What happens here is data from /dev/urandom is used as seed for rand(), followed by with modulo 6 to determine which of the previously copied chunks of data is going to be executed. Each of those chunks are individual flag checking functions. Because it will take too long to step through all 6 of the functions I will just give you an example snippet of how they check for right flag. Each function checks a specific index character from our input against 3 valid characters like so:
00000000006014e6 movzx rax, byte [ds:rdi] # Pick char from input
00000000006014ea inc rdi
00000000006014ed cmp al, 0x30 # '0' is valid char
00000000006014ef je 0x601508
00000000006014f5 cmp al, 0x37 # '7' is valid char
00000000006014f7 je 0x601508
00000000006014fd cmp al, 0x38 # '8' is valid char
00000000006014ff je 0x601508
0000000000601505 xor eax, eax # If incorrect return 0 (fail)
0000000000601507 retAs you can see 0, 7 and 8 are all valid characters at that index. None of the functions check all of the characters at once, some indexes are going to be skipped but all indexes are going to be checked at least twice against different values but a single common character. Here is a table of which function checks which index with what characters.

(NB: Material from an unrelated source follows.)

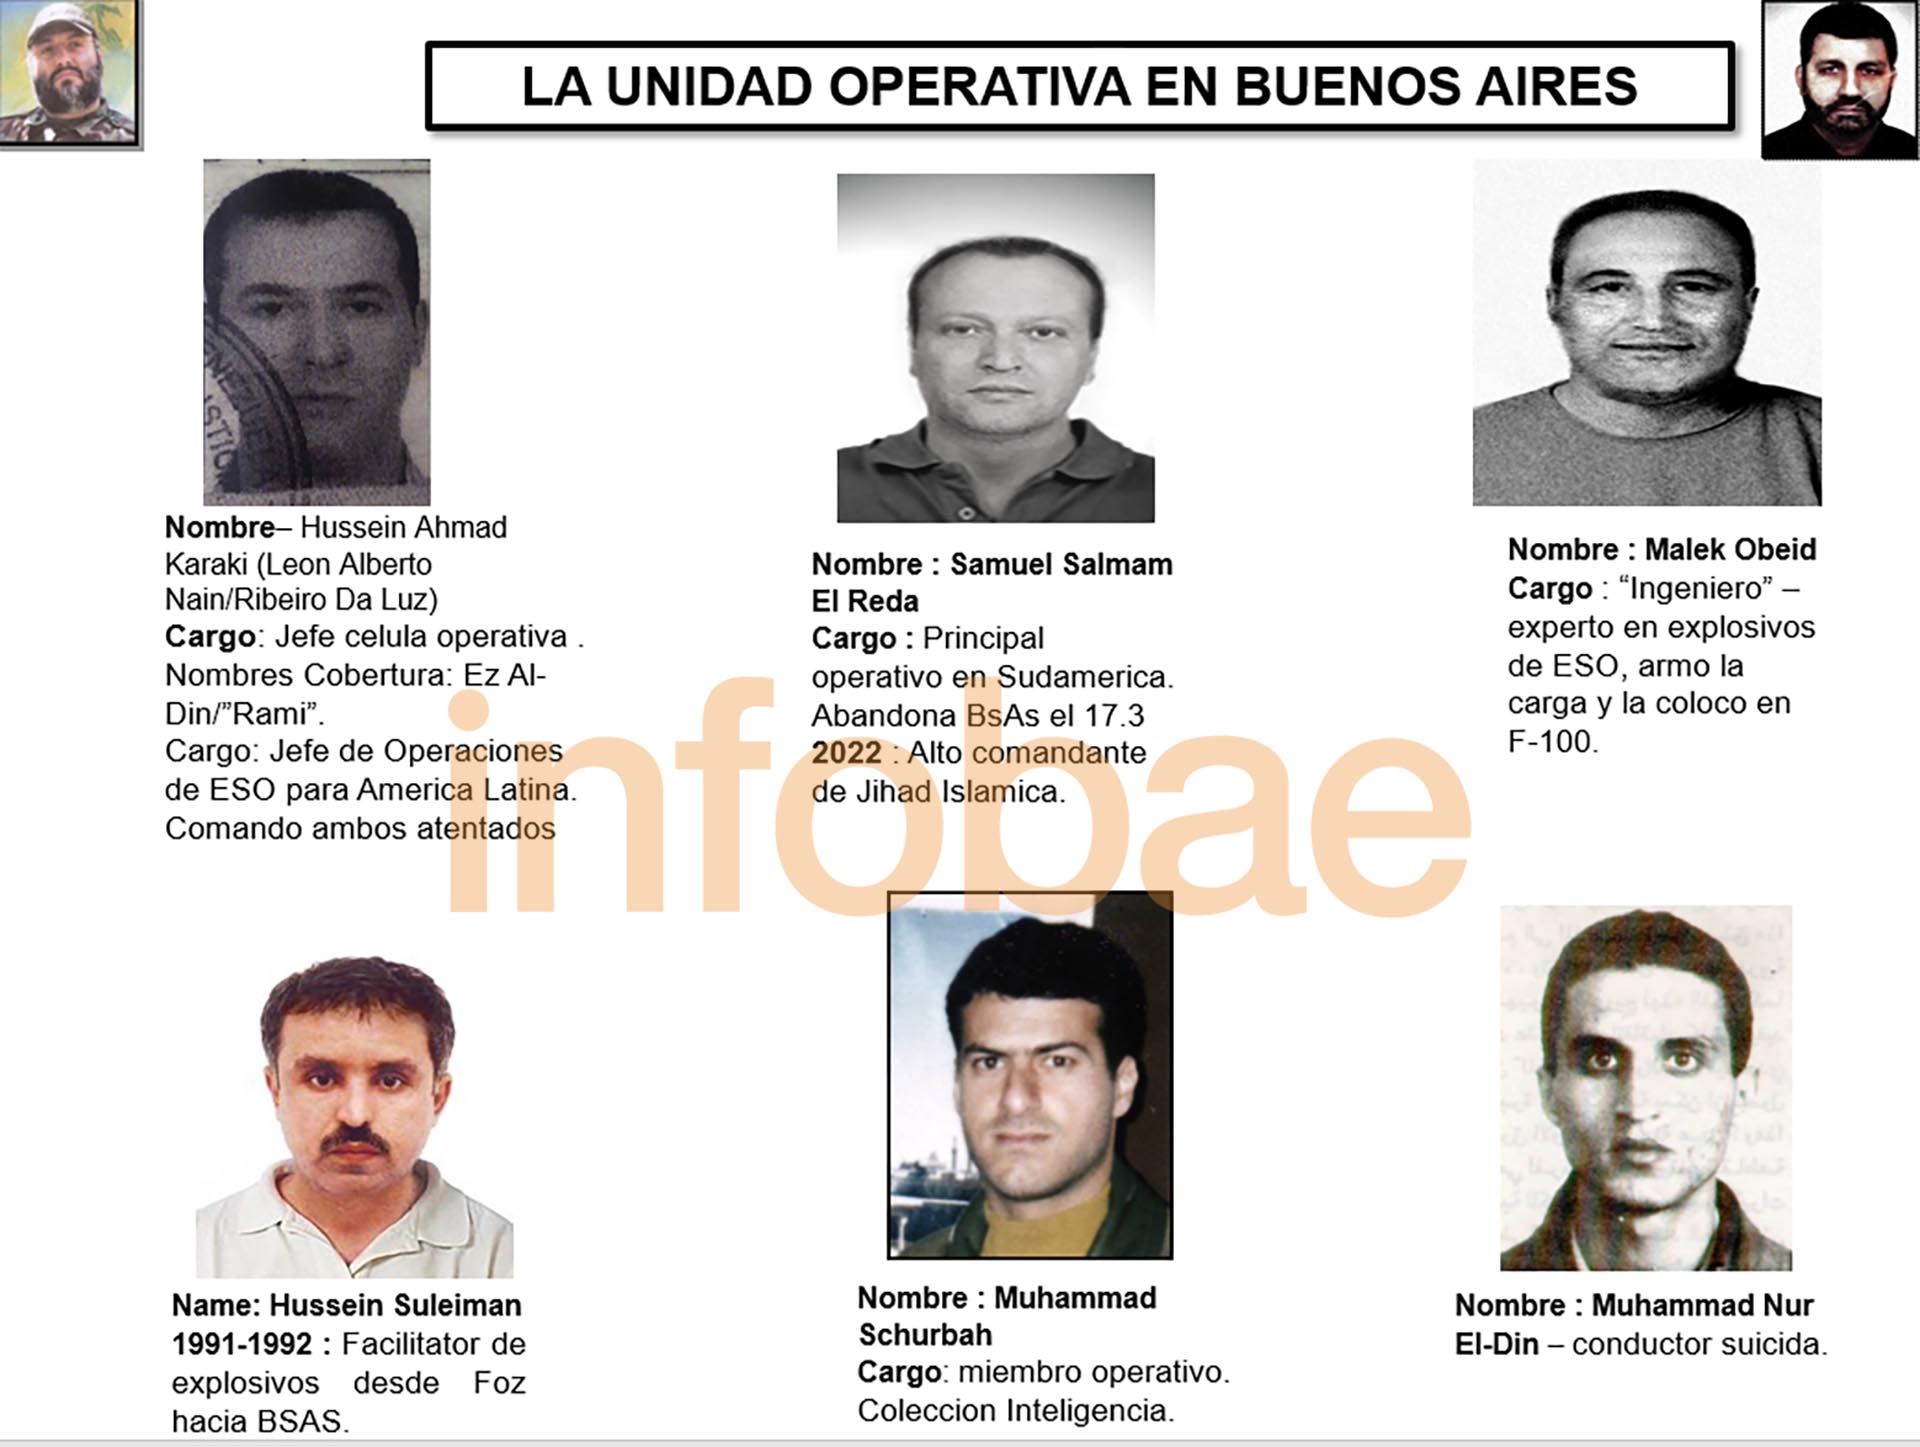 El conductor suicida (abajo a la derecha) aparece como parte de la unidad operativa en Buenos Aires

char | function 2 | function 3 | function 4 | function 5 | function 6 |
-----|------------|------------|------------|------------|------------|
1 | ? | ? | ? | ? | ? |
2 | ? | ? | ? | ? | ? |
3 | ? | ? | ? | ? | ? |
4 | ? | ? | ? | ? | ? |
5 | ? | ? | ? | ? | ? |
6 | ? | 29f | 79b | ? | 189 |
7 | ? | 14c | 47f | ? | 04f |
8 | 5de | 16e | ? | 7ef | ? |
9 | aef | ? | ? | 02a | 9ae |
10 | ? | 59a | 5ab | 57b | ? |
11 | ? | 19e | ade | ? | 5ae |
12 | 023 | ? | ? | 038 | 36e |
13 | 27d | 278 | ? | 02e | ? |
14 | ? | 78f | 57f | ? | 8cf |
15 | ? | ? | 23b | 2bf | 269 |
16 | bdf | 57b | bdf | ? | ? |
17 | ? | ? | 358 | 35d | 5ef |
18 | ? | abe | abf | 7be | ? |
19 | ? | 35d | ? | 35b | 349 |
20 | ? | 7af | 67f | 7de | ? |
21 | 25d | ? | bdf | ? | 6cd |
22 | ? | 49b | 9ae | ? | 39e |
23 | 24a | ? | 49a | ? | 14d |
24 | 17d | 67f | ? | 79a | ? |
25 | ? | 2ce | 9de | ? | 25e |
26 | 3ef | ? | 16e | 47e | ? |
27 | 18a | 7ae | 13a | ? | ? |
28 | ? | 39b | 34a | ? | 3bf |
29 | 59a | 1ad | ? | ? | 2af |
30 | ? | 37a | 136 | 3ad | ? |
31 | 078 | ? | ? | 28c | 078 |
32 | 49a | 29d | ? | ? | 79b |
33 | 39f | 037 | ? | ? | 023 |
34 | 236 | ? | 26e | ? | 24b |
35 | ? | 7ad | 34a | ? | ade |
36 | 8ce | 78e | ? | 2ce | ? |
37 | 145 | ? | 179 | ? | 1be |
38 | ? | ? | ? | ? | ? |
39 | nul | nul | nul | nul | nul |Question marks are characters that are being checked at that index by each specific function. Function 1 checks if the input starts with ‘9447{‘, consists only of chars ‘0123456789abcdef’ and ends with ‘}’. Knowing each valid pair characters at each index we can build the only valid flag ‘9447{94ea5e32f2b5b37d947eea3a38932ae1}’.
To hinder our analysis there were anti-stepping instruction after each character check/skip using the following method:
00000000006015e4 rdtsc
00000000006015e6 test eax, 0xfffff
00000000006015eb jne 0x6015e4Instruction ‘rdtsc’ returns CPU time-stamp counter, which is being checked if it ends with 0xfffff, if not it jumps back 9 bytes making it infinite loop. As we single-step our chances of hitting 0xfffff are probably less than winning the lotto :). So for the most part I just used static analysis by converting the functions in the Data Segment to executable code.
Overall it was a fun challenge. My thanks to the guys from 9447.